Stored dataset items |

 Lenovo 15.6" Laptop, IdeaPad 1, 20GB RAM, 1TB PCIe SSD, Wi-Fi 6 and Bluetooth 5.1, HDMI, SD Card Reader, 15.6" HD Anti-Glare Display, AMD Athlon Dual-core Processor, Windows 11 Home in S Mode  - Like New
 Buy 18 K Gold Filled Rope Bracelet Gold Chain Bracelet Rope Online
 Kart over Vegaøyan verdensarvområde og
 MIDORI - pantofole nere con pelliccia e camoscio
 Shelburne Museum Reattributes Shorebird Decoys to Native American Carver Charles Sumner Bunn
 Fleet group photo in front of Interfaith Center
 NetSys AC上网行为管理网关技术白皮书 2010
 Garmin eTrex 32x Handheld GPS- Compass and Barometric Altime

Your instructions | Reproduce exactly the lines from the one containing "Shelburne Museum Reattributes" through the last line of the records above, including both, and nothing else.

Task response |
 Shelburne Museum Reattributes Shorebird Decoys to Native American Carver Charles Sumner Bunn
 Fleet group photo in front of Interfaith Center
 NetSys AC上网行为管理网关技术白皮书 2010
 Garmin eTrex 32x Handheld GPS- Compass and Barometric Altime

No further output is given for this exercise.